TASK PROMPT
Reproduce the listing that follows character for character, excluding its pictures.

MATERIAL PROVIDED
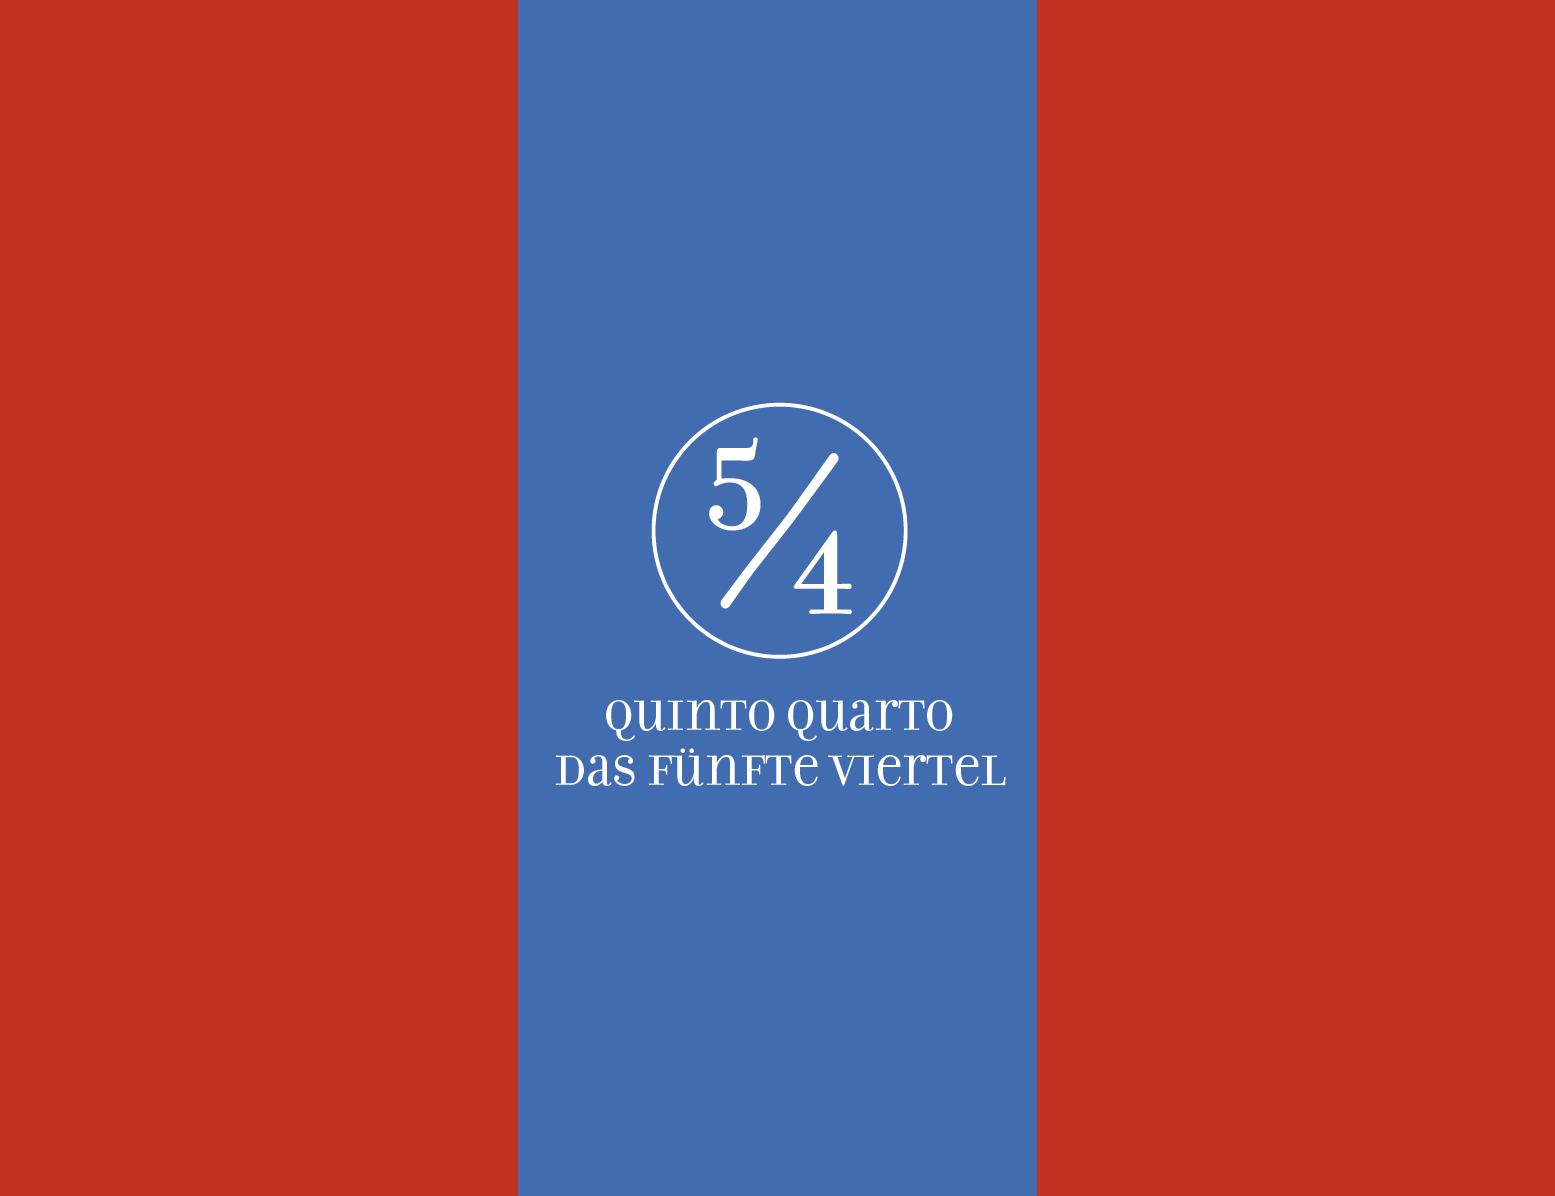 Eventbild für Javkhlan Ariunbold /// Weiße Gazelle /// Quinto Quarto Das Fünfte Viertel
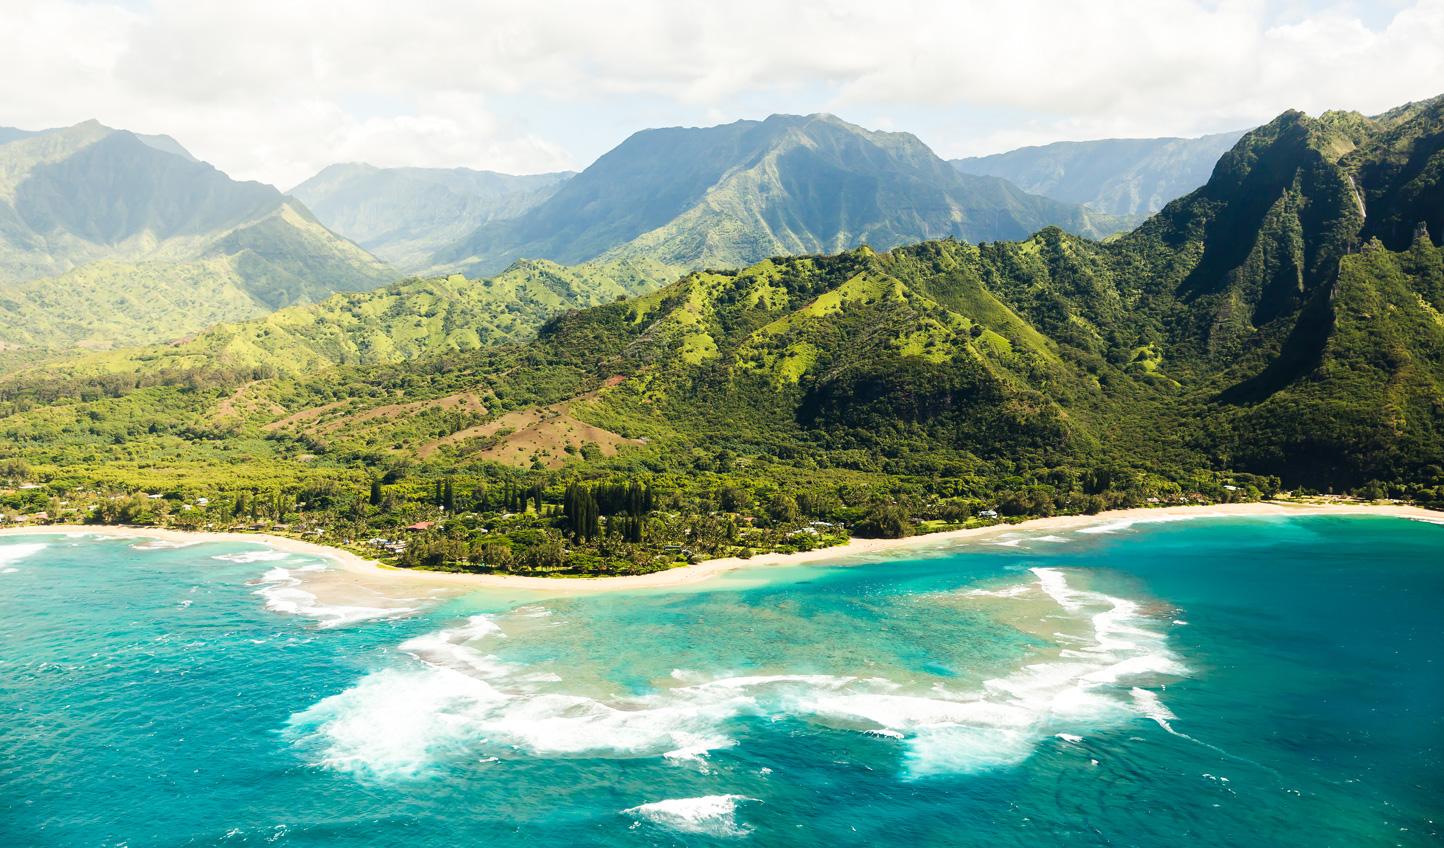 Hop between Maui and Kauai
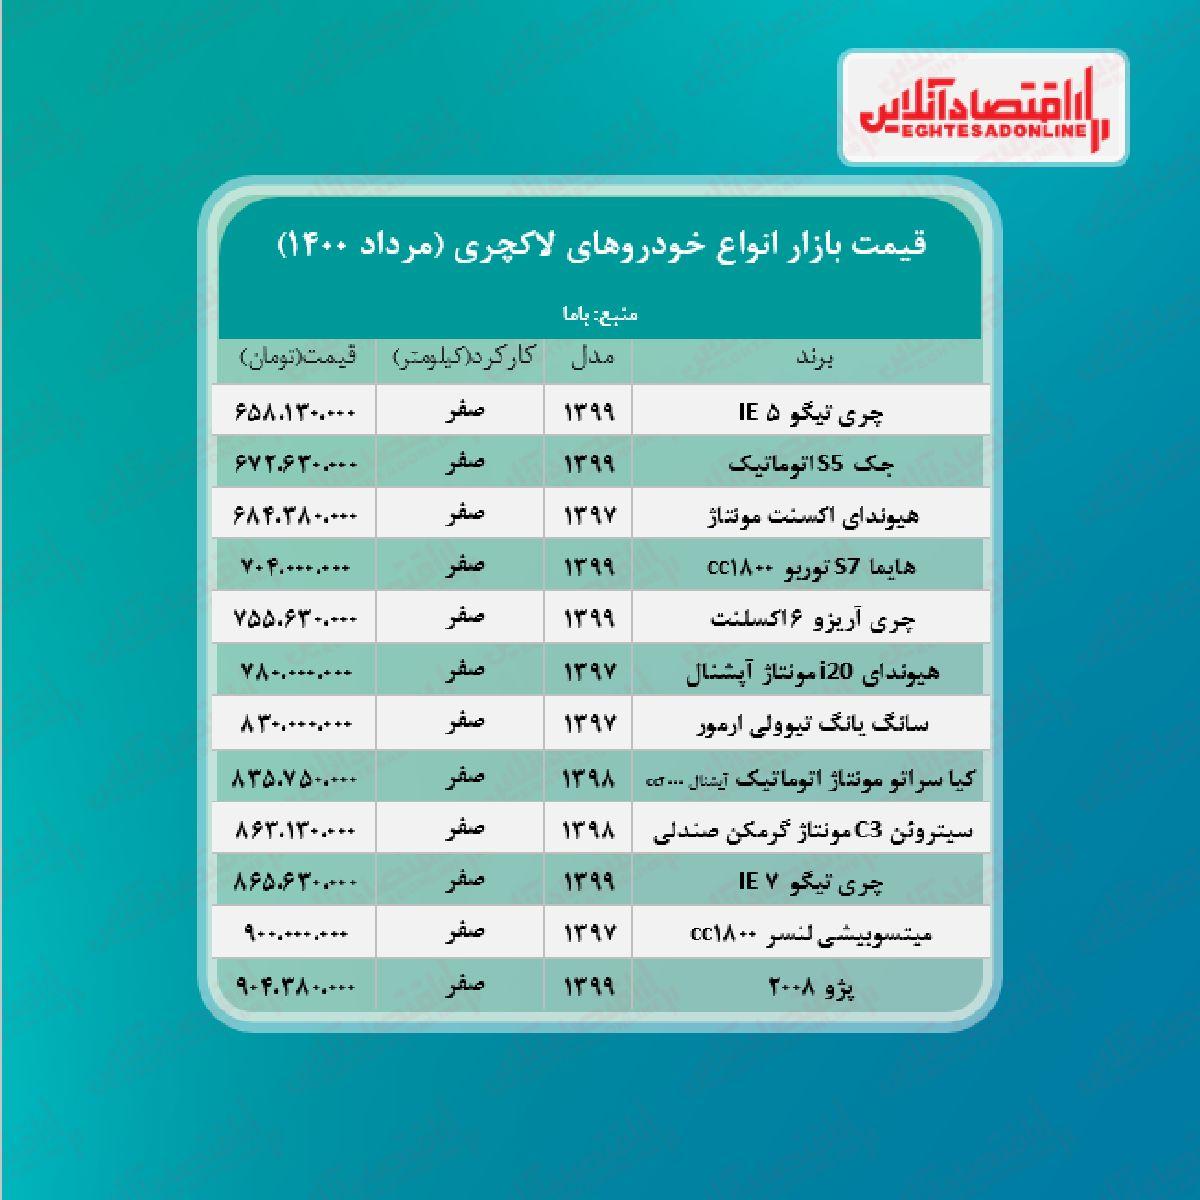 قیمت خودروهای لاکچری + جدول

ANSWER BOX
 Eventbild für Javkhlan Ariunbold /// Weiße Gazelle /// Quinto Quarto Das Fünfte Viertel
 Hop between Maui and Kauai
 قیمت خودروهای لاکچری + جدول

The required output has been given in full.